WebLecture

- Systems of Reactions
- Equilibrium
- Practice with Concepts
- Discussion Questions
- Optional Website Reading

In earlier discussions, we've seen how we can break a chemical reaction down into individual steps. The sum of reactants, products, and the enthalpy of reaction for the overall or net reaction is the sum of the individual reactions. We could reverse an equation to get a desired net reaction.

Suppose that we have done experiments that determine the enthalpy of the following reactions:

Reaction #1: | C(s) + O_{2}(g) → CO_{2}(g) | ΔH_{f} = -393.5 kJ/mole |

Reaction #2: | S(s) + O_{2}(g) → SO_{2}(g) | ΔH_{f} = -296.8 kJ/mole |

Reaction #3: | C(s) + 2 S(s) → CS_{2}(l) | ΔH_{f} = 87.9 kJ/mole |

We want to have the net overall reaction:

Reaction #4: CS_{2}(l) + 3 O_{2}(g) → CO_{2}(g) + 2 SO_{2}(g)

In order to achieve this, we need a reaction with 2 SO_{2} in the products, so we have to double reaction #2, which also doubles its enthalpy production.

We also need a reaction with CS_{2} in the reactants, so we need to reverse reaction #3, which makes its reactants products, but also turns the endothermic reaction into an exothermic reaction.

C(s) + O_{2}(g) → CO_{2}(g) | ΔH_{f} = -393.5 kJ/mole |

2 S(s) + 2 O_{2}(g) → 2 SO_{2}(g) | ΔH_{f} = (2)(-296.8 kJ/mole) |

CS_{2}(l) → C(s) + 2 S(s) | ΔH_{f} = -87.9 kJ/mole |

Total Reaction: | |

C + 2S + 3O_{2} + CS_{2} → CO_{2} + 2 SO_{2} + C + 2S | |

Net Reaction: | |

3O_{2} + CS_{2} → CO_{2} + 2 SO_{2} | -393.5+ (2)(-296.8) +(-87.9) = -1076.8 J/mole |

Now we do the same thing, creating systems of reactions, but this time, we want to see what happens ot the equilibrium constant. We need to consider what happens to the equilibrium constant when we

- multiply an equation by a stoichiometric coefficient
- reverse the equation direction

First, we look at the effect of doubling an equation's coefficients. We know from earlier considerations that an equation like

aA + Bb → cC gives us an equilibrium constant

$$K\text{}=\text{}\frac{{[C]}^{c}}{{[A]}^{a}{[B]}^{b}}$$So our exponents on the concentrations depend on the stoichiometric coefficients of the reaction. If we have the reaction

2H_{2} + O_{2} → 2H_{2}O with the equilibrium constant

$${K}_{1}\text{}=\text{}\frac{{[{H}_{2}O]}^{2}}{{[{H}_{2}]}^{2}{[{O}_{2}]}^{\mathit{1}}}$$ and we double it to

4H_{2} + 2O_{2} → 4H_{2}O the equilibrium exponents change as well to

$${K}_{2}\text{}=\text{}\frac{{[{H}_{2}O]}^{4}}{{[{H}_{2}]}^{4}{[{O}_{2}]}^{2}}\text{}=\text{}{({K}_{1})}^{2}$$

**The equilibrium constant for a reaction multiplied by X is equal to raising the original equilibrium value to the exponent X: K _{2} = (K_{1})^{x}.**

We can do the same kind of analysis for the situations where we we need to reverse an equation. If we start with our initial water composition reaction

2H_{2} + O_{2} → 2H_{2}O with the equilibrium constant

$${K}_{1}\text{}=\text{}\frac{{[{H}_{2}O]}^{2}}{{[{H}_{2}]}^{2}{[{O}_{2}]}^{\mathit{1}}}$$ and we reverse it to

2H_{2}O → 2H_{2} + O_{2}, we've changed the products and reactants, so the new equilibrium constant is

$${K}_{3}\text{}=\text{}\frac{{[{H}_{2}]}^{2}{[{O}_{2}]}^{1}}{{[{H}_{2}O]}^{2}}\text{}=\text{}\frac{1}{{K}_{1}}$$

**The equilibrium constant for a reversed reaction is the inverse of its value for the forward reaction: K _{3} = 1/K_{1}.**

If we add reactions, the effect on the concentrations at equilibrium is equivalent to multiplying the equilibrium values together.
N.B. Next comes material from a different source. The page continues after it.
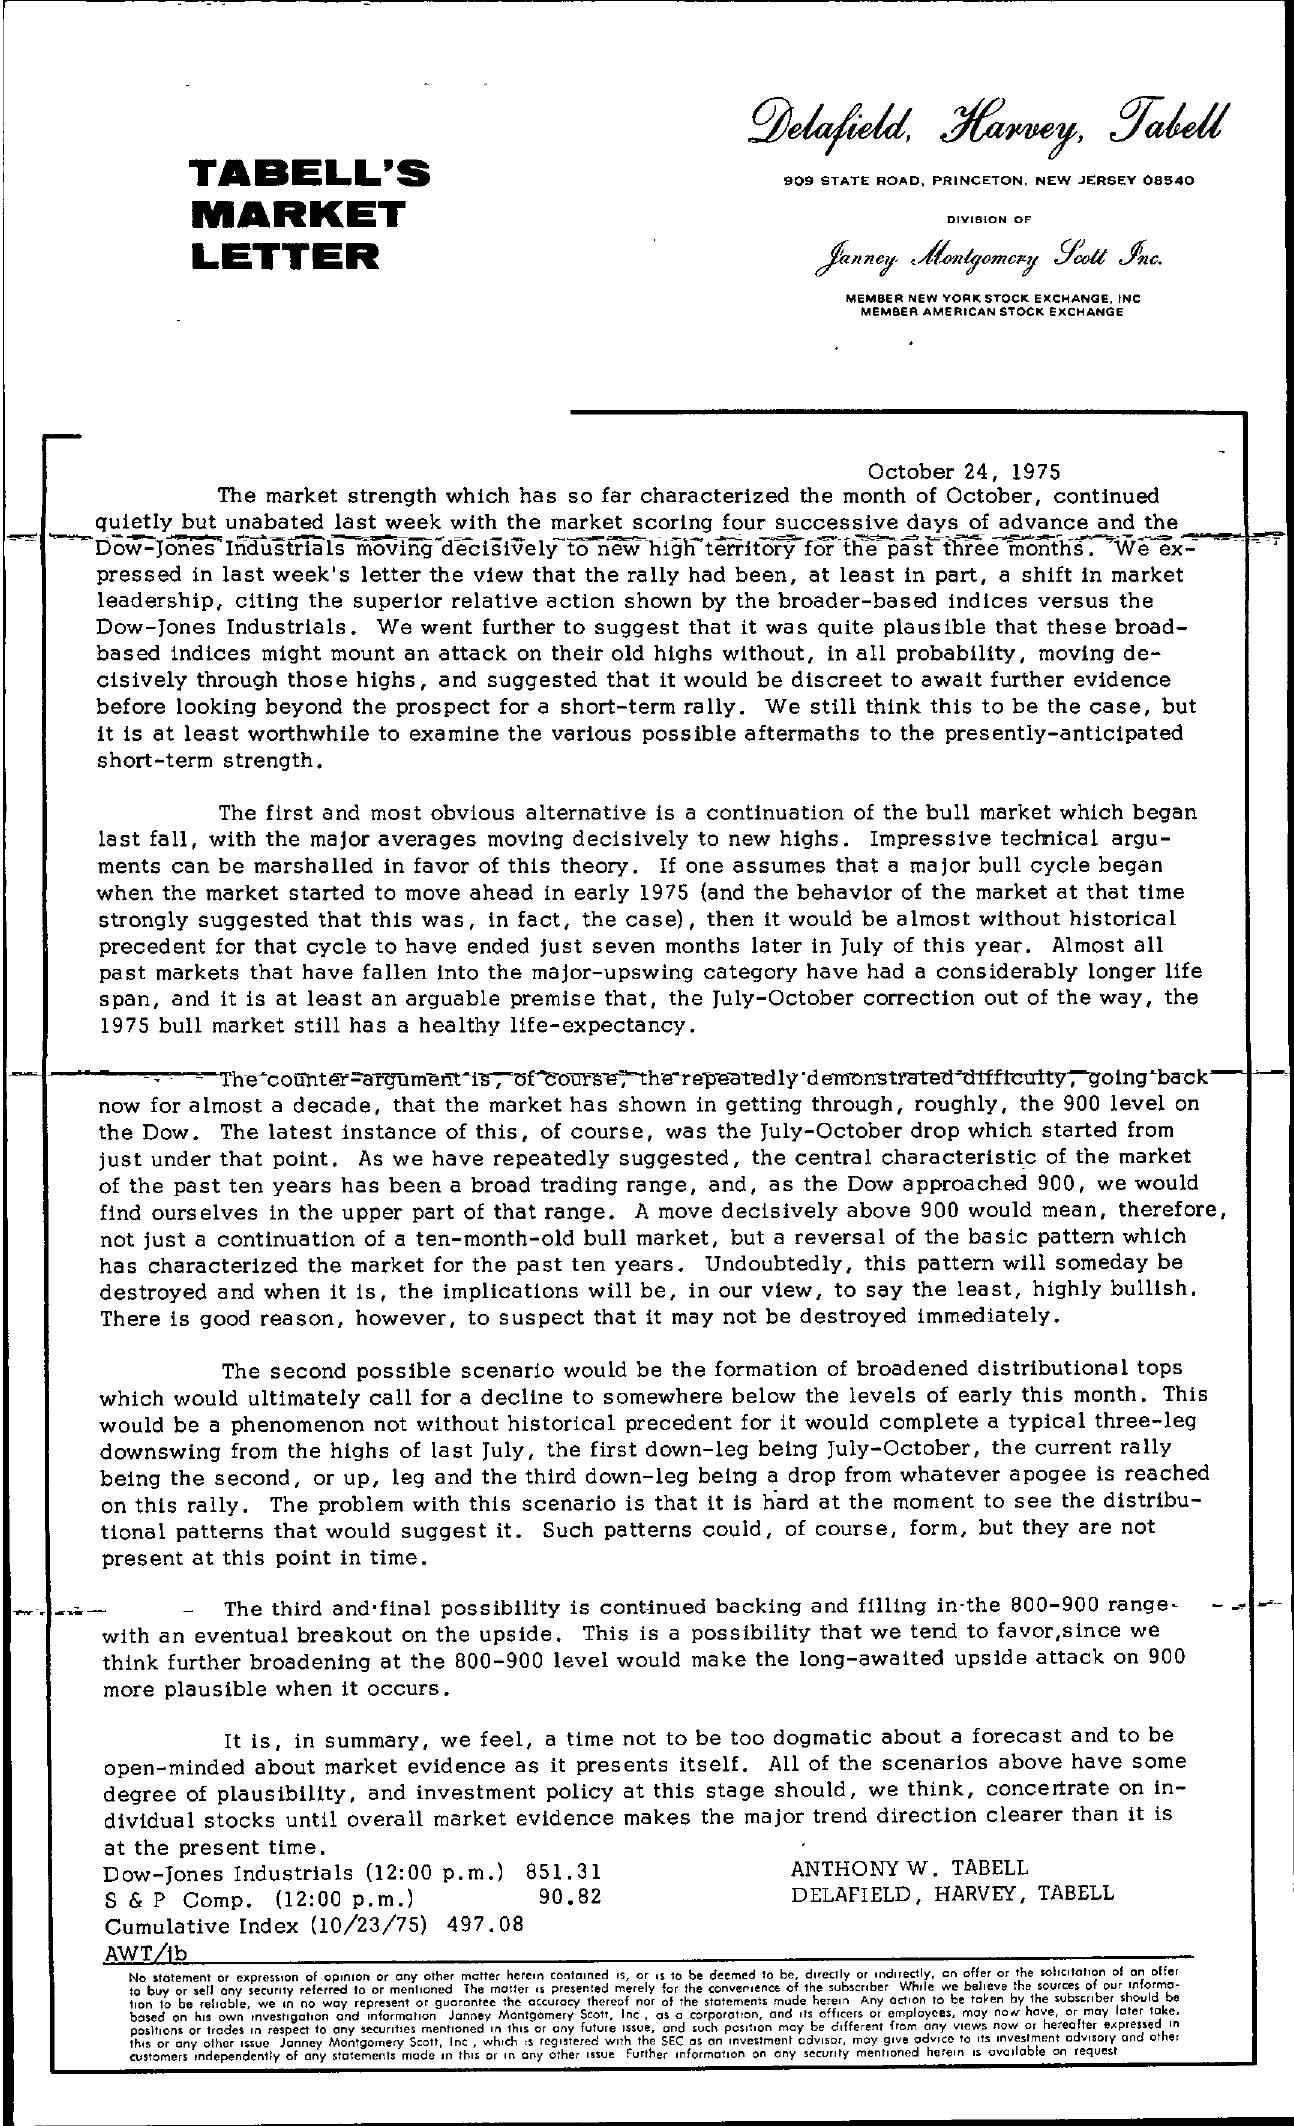 Tabell's Market Letter - October 24, 1975

**The equilibrium constant two reactions with equilibrium constants K _{A} and K_{B} is equal to the product of the constants: K_{net} = K_{A}*K_{B}.**

Any system in a given state possesses inertia, resistance to change to its state. Systems in equilibrium in particular will react to an impulse to change by resisting the change to reduce its effects.

For example, if we have a chemical reaction

aA + bB → cC

at equilibirum, so that its concentrations are no longer changing, and we add product C to the system, the reaction will run *backwards* to reduce the increased concentration of C and establish a new equilibrium as close to the original ratio of products to reactants as possible.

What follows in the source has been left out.